___ Data extract

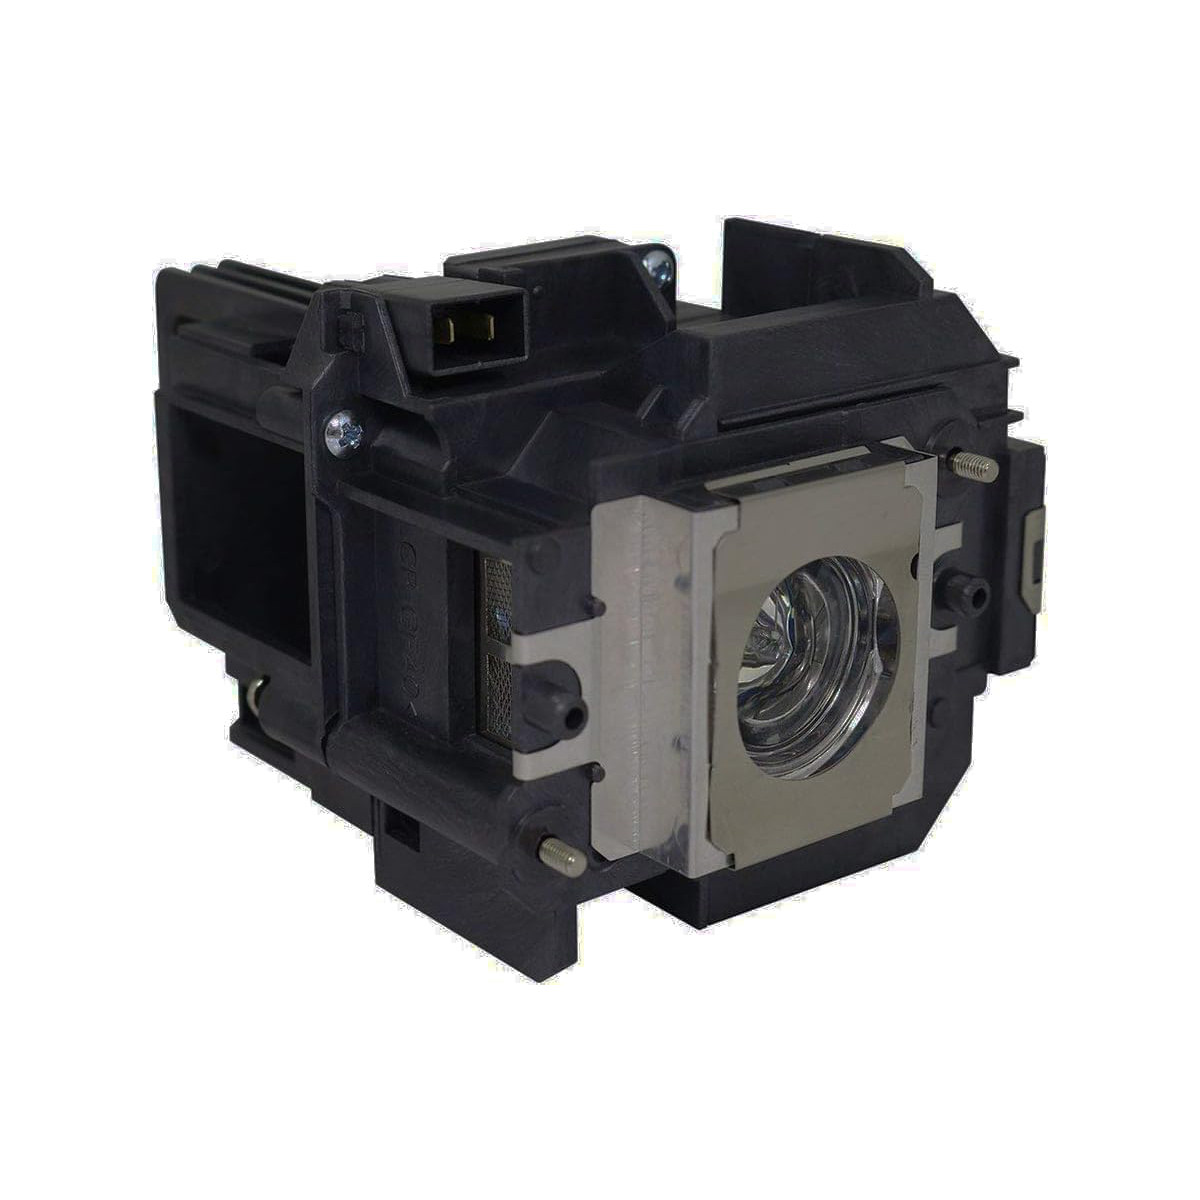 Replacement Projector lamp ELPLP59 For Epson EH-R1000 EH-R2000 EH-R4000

______
___ Data extract

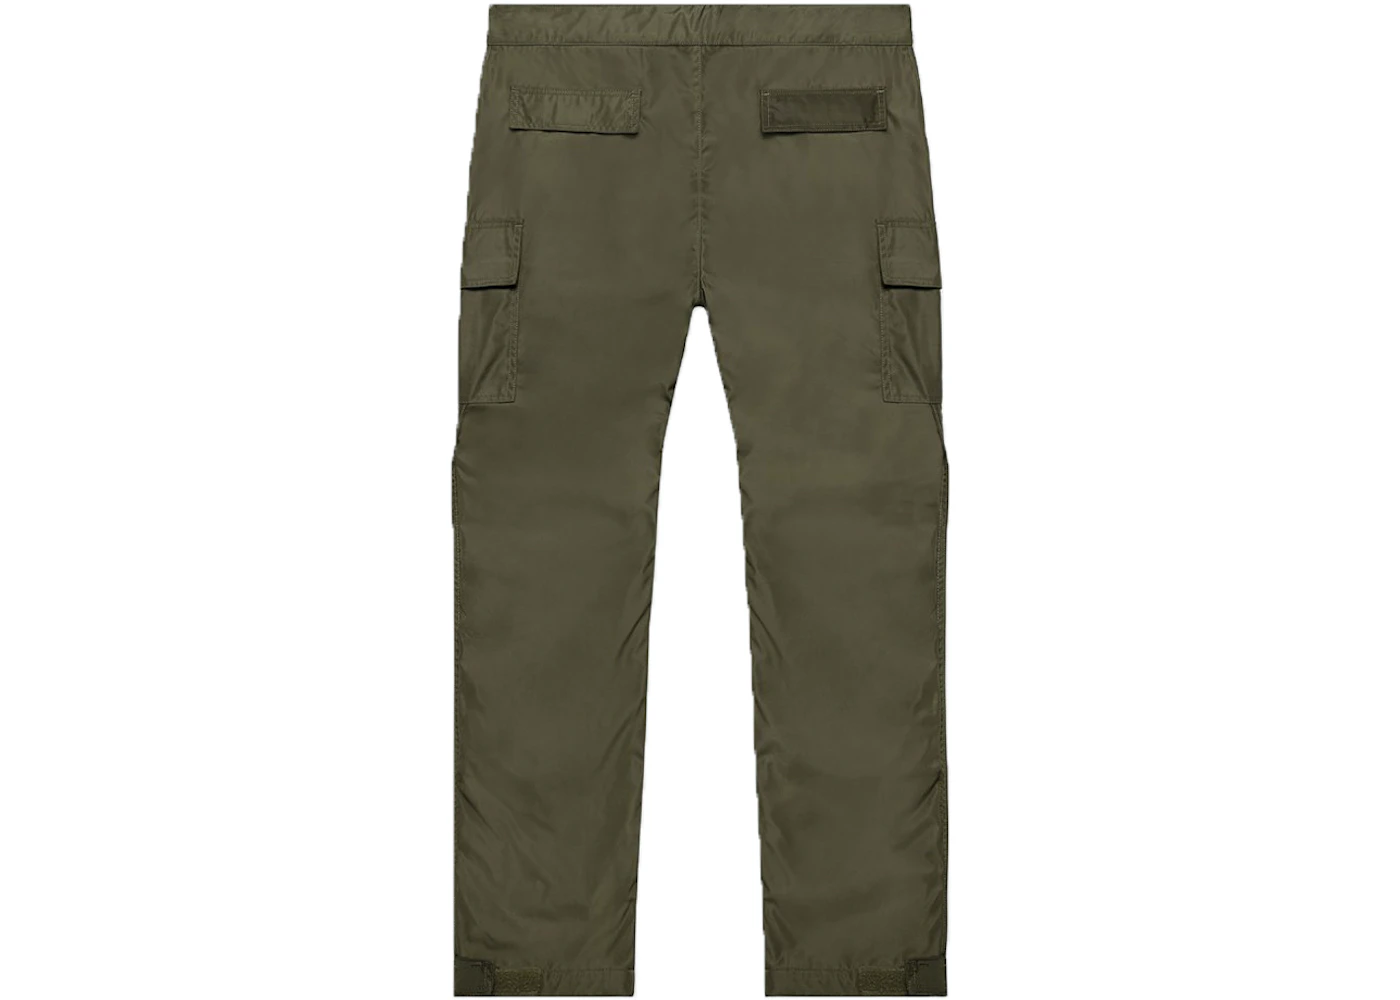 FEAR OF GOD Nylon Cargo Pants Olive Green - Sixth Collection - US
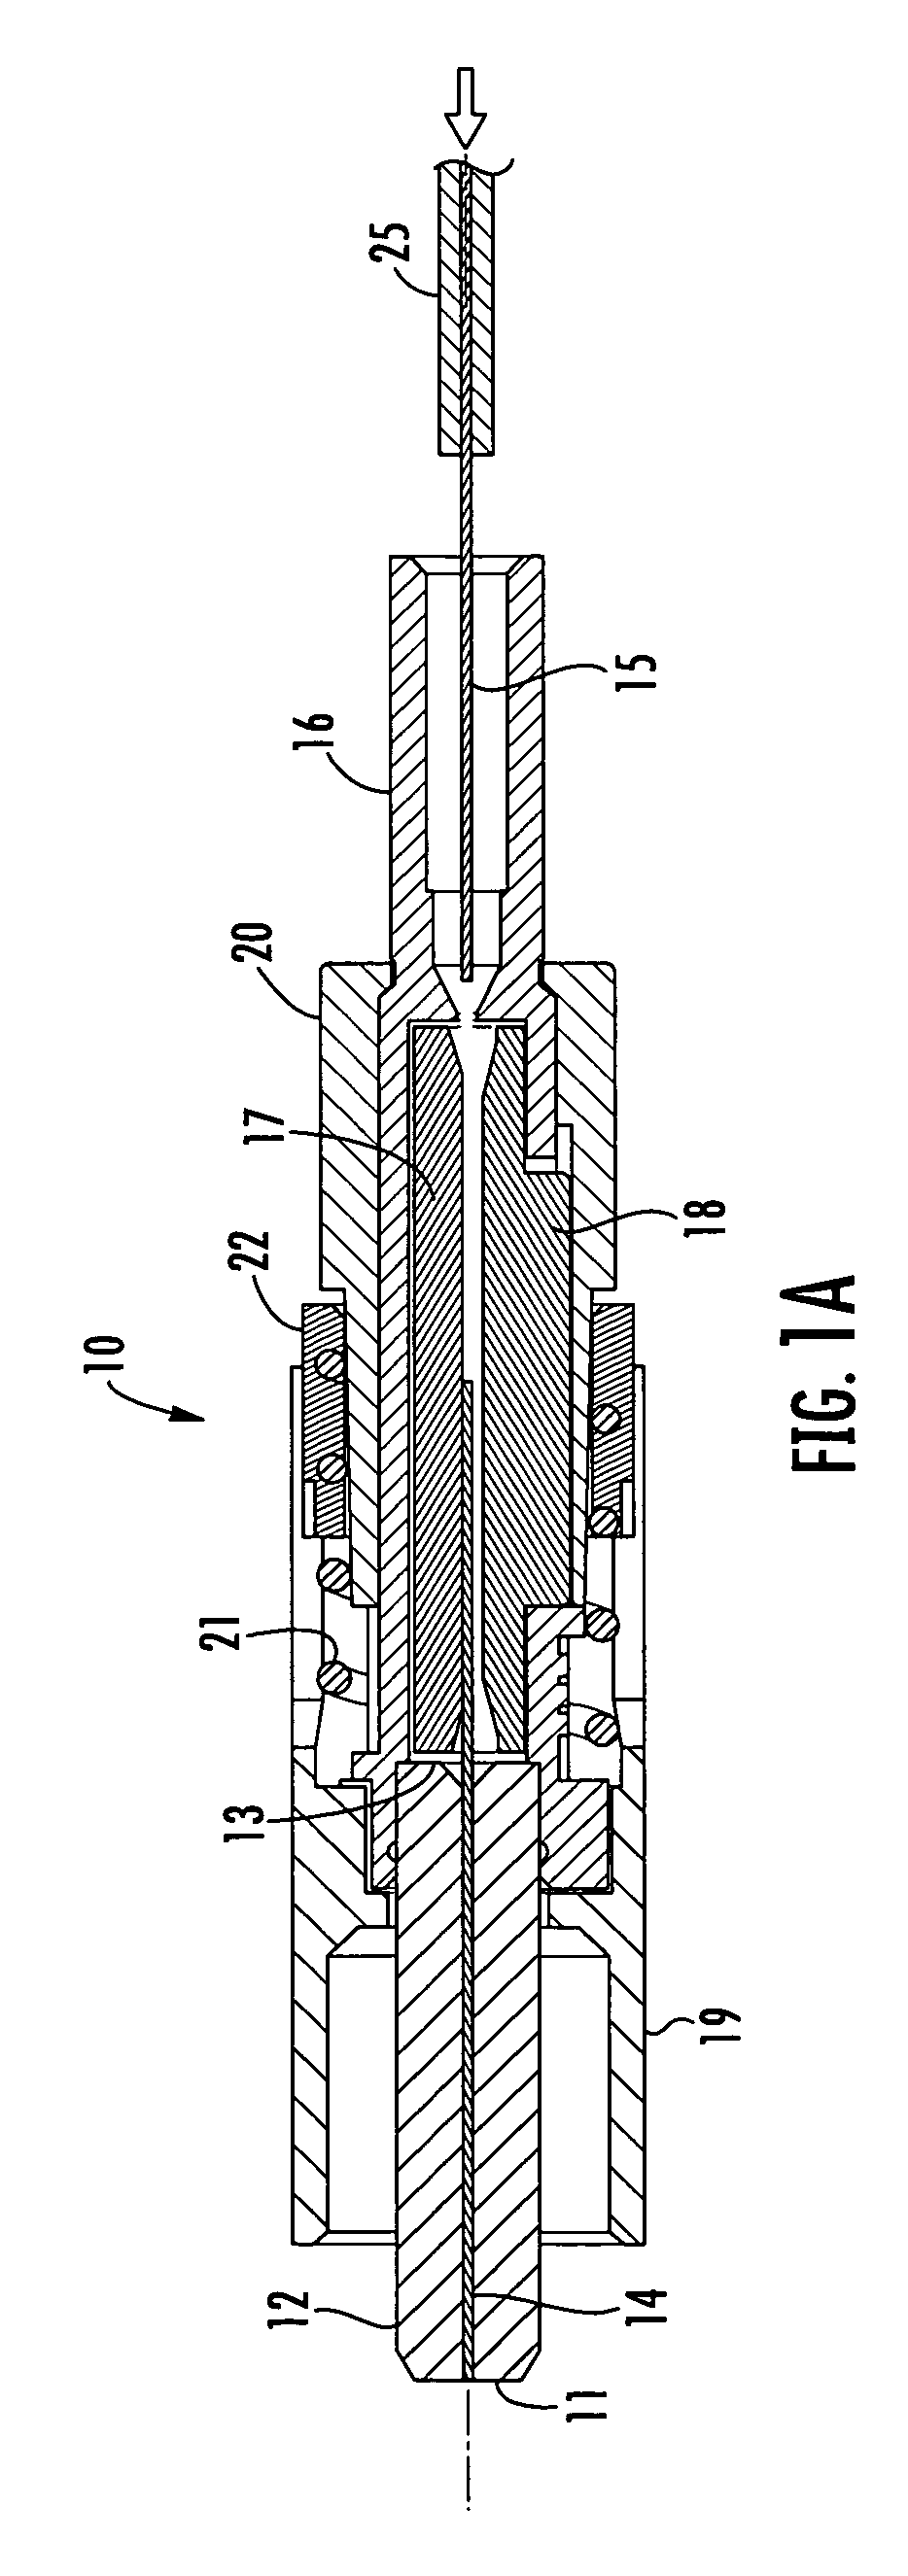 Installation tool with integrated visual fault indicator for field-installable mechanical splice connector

______

What lines above run from the one with "FEAR OF GOD" to the one with "Installation tool with"? Give them again exactly, ends included, and leave the pictures out.

> **Expected answer**:
 FEAR OF GOD Nylon Cargo Pants Olive Green - Sixth Collection - US
 Installation tool with integrated visual fault indicator for field-installable mechanical splice connector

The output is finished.